──────── Supplied information
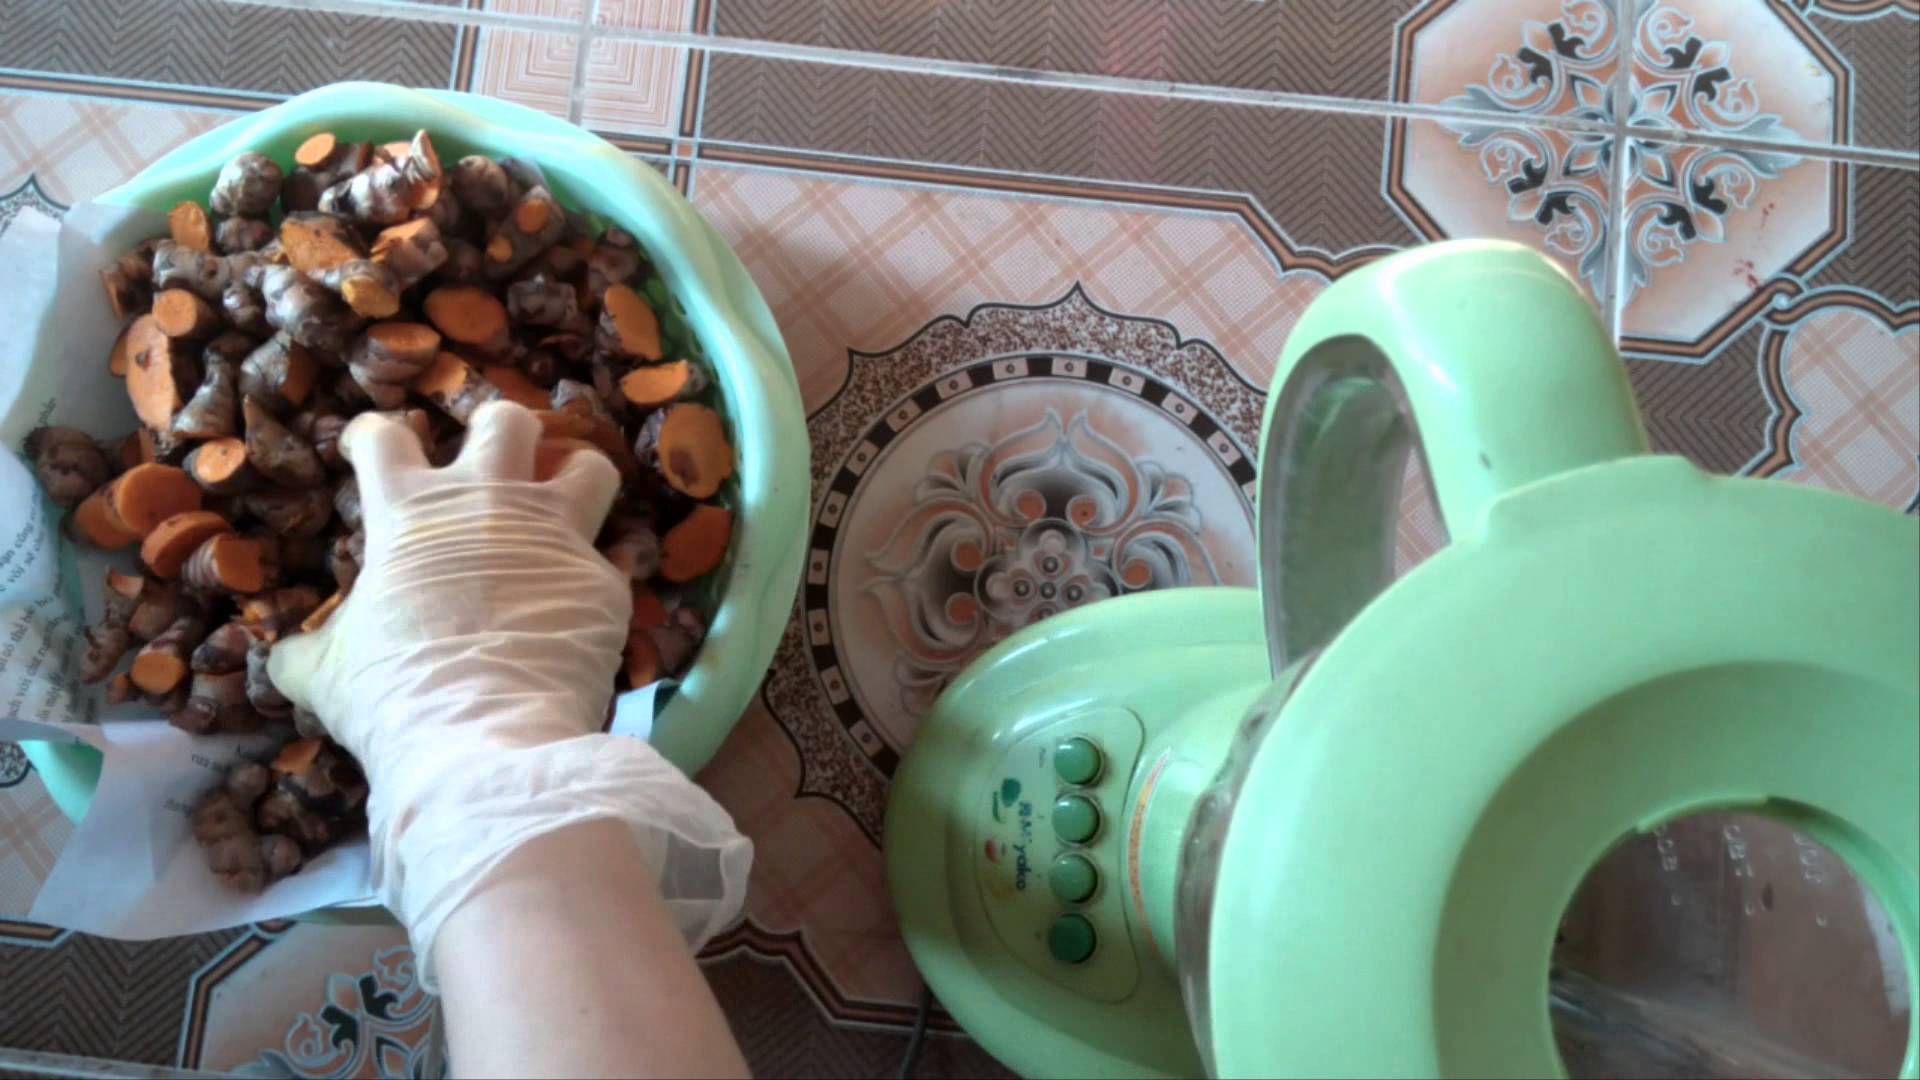 Kinh nghiệm chọn nguyên liệu trong cách làm tinh bột nghệ tại nhà.
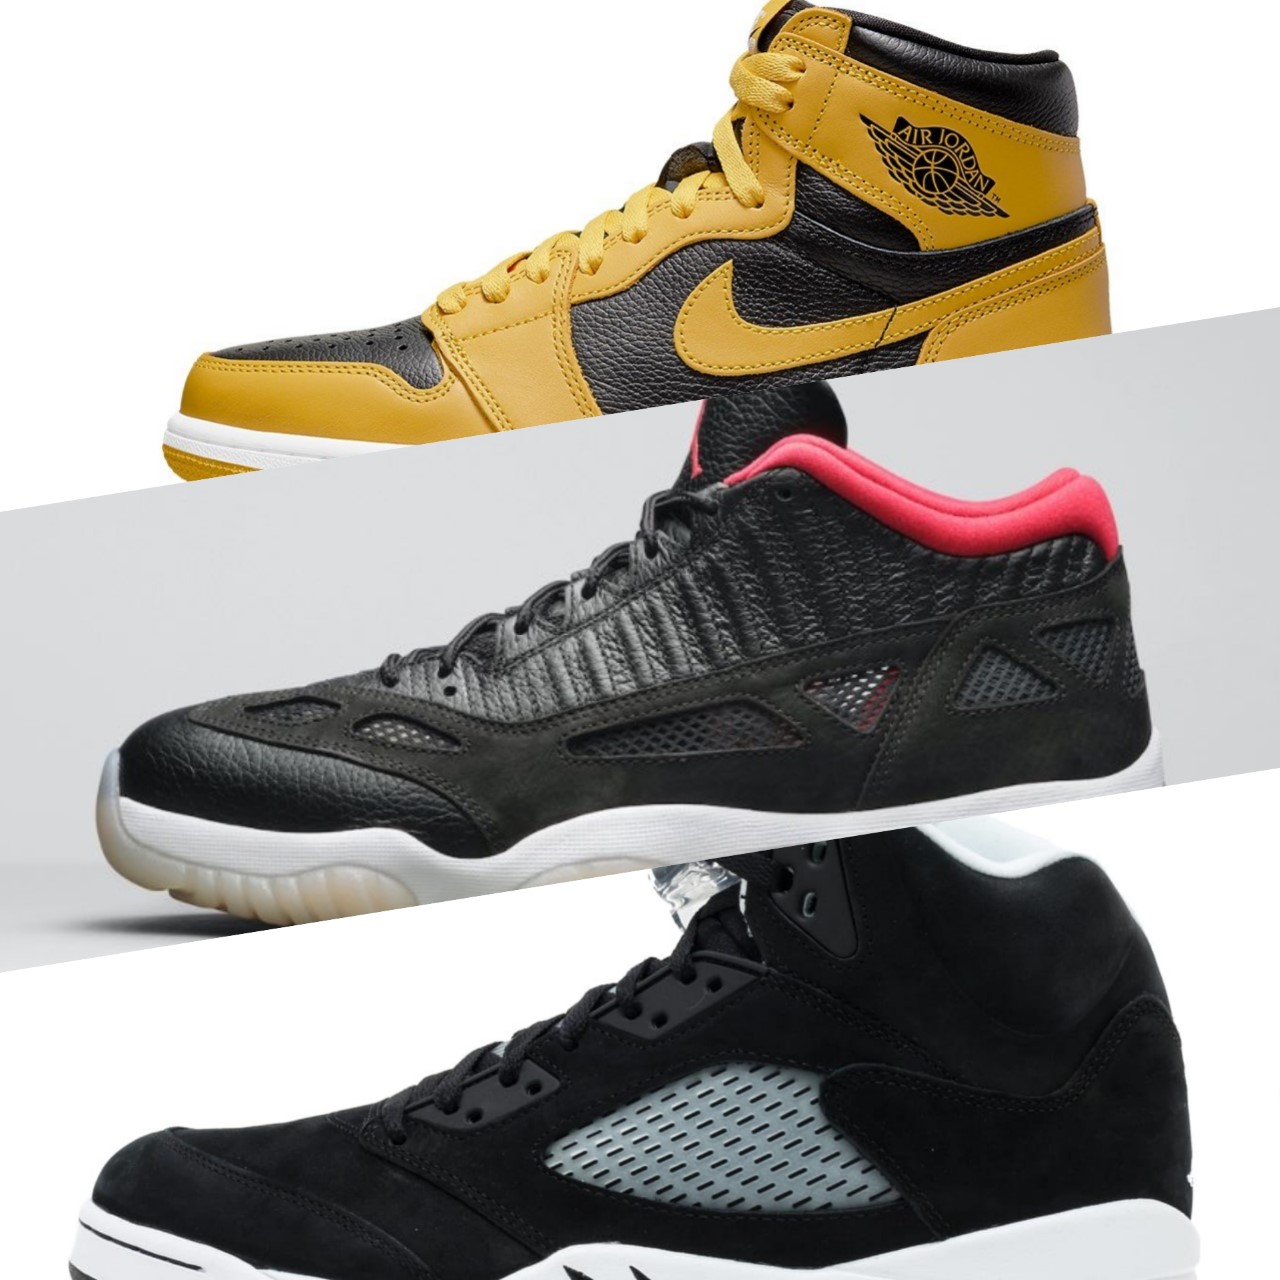 Air Jordan Summer/Fall Release Date Changes Sneaker Buzz
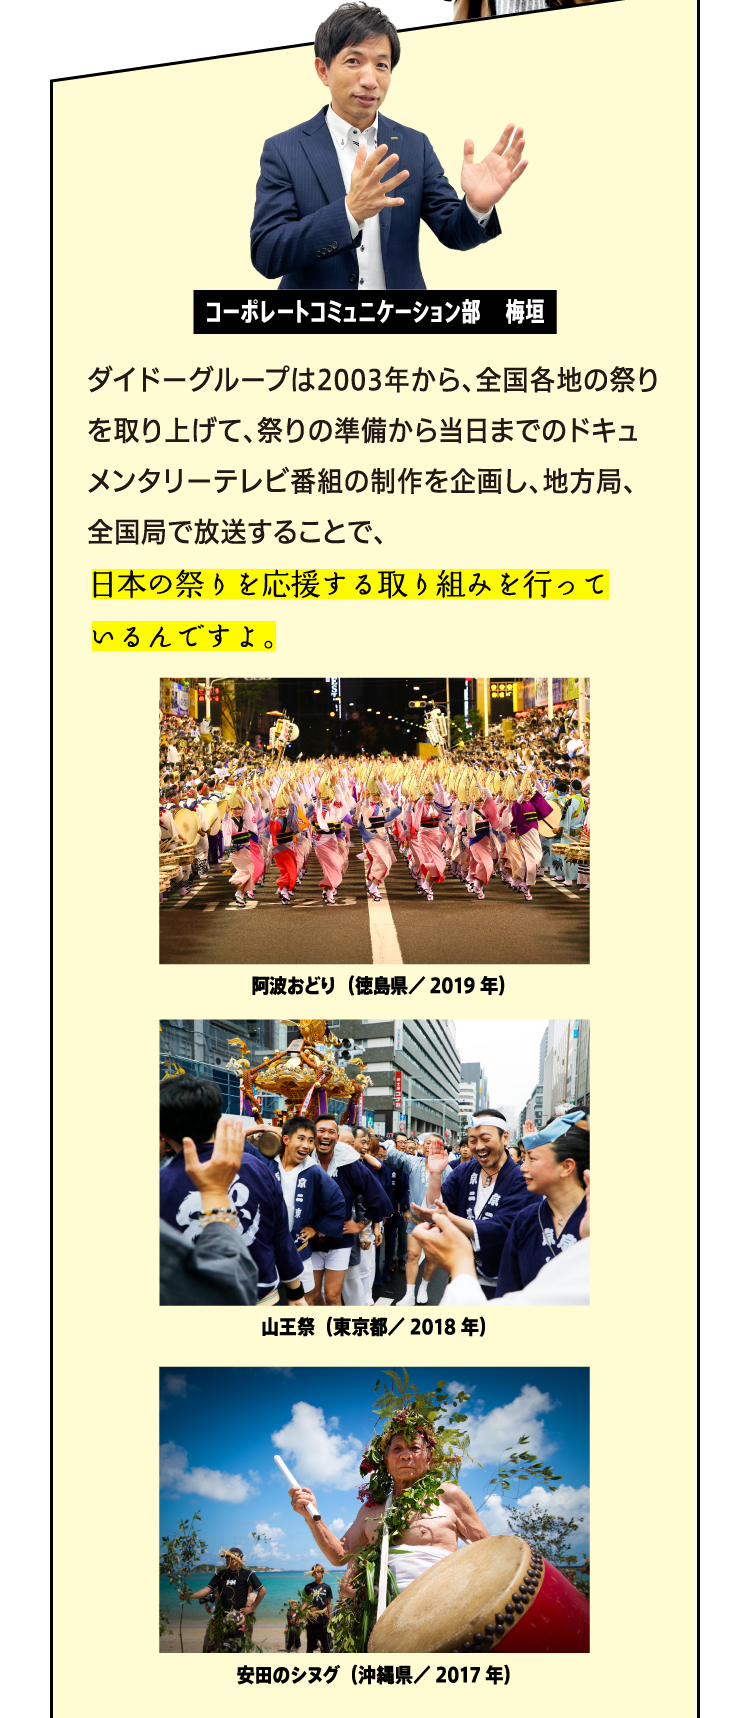 ダイドードリンコは2003年から、全国各地の祭りを取り上げて、祭りの準備から当日までのドキュメンタリーテレビ番組の制作を企画し、地方局、全国局で放送することで、日本の祭りを応援する取り組みを行っているんですよ。
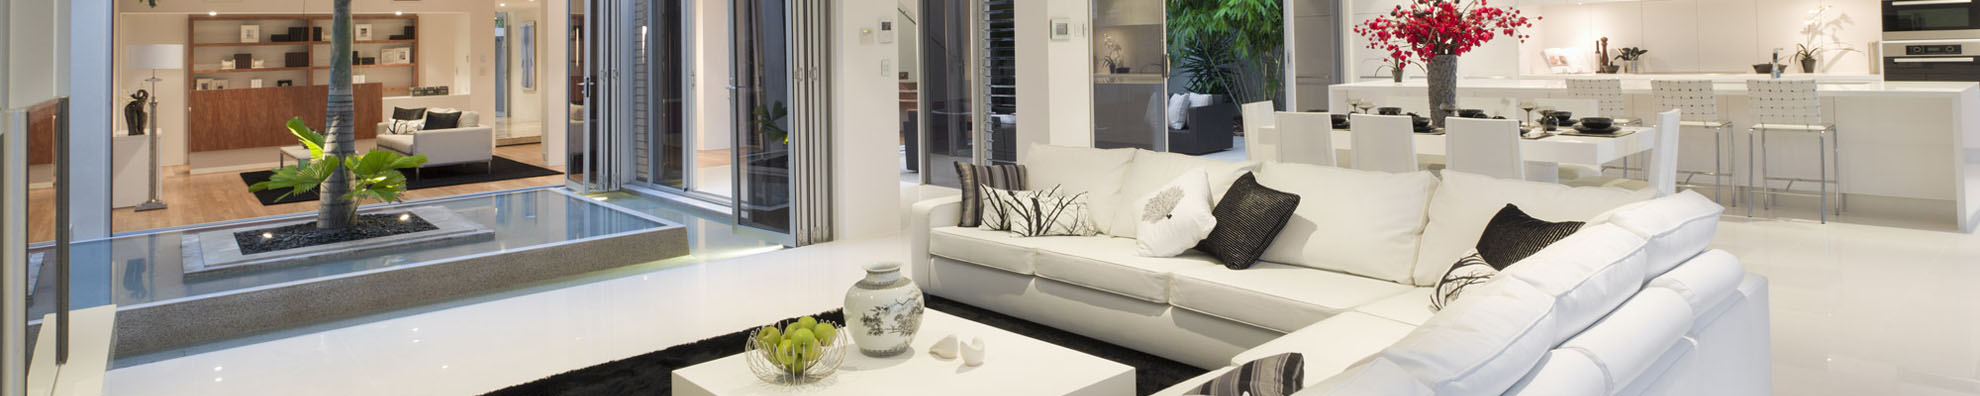 nowoczesny apartament z białą sofą
────────────────
▶ _Problem requirements_: Would you write out all of the data exactly as it stands, without the pictures?

▶ _Solution_:
 Kinh nghiệm chọn nguyên liệu trong cách làm tinh bột nghệ tại nhà.
 Air Jordan Summer/Fall Release Date Changes Sneaker Buzz
 ダイドードリンコは2003年から、全国各地の祭りを取り上げて、祭りの準備から当日までのドキュメンタリーテレビ番組の制作を企画し、地方局、全国局で放送することで、日本の祭りを応援する取り組みを行っているんですよ。
 nowoczesny apartament z białą sofą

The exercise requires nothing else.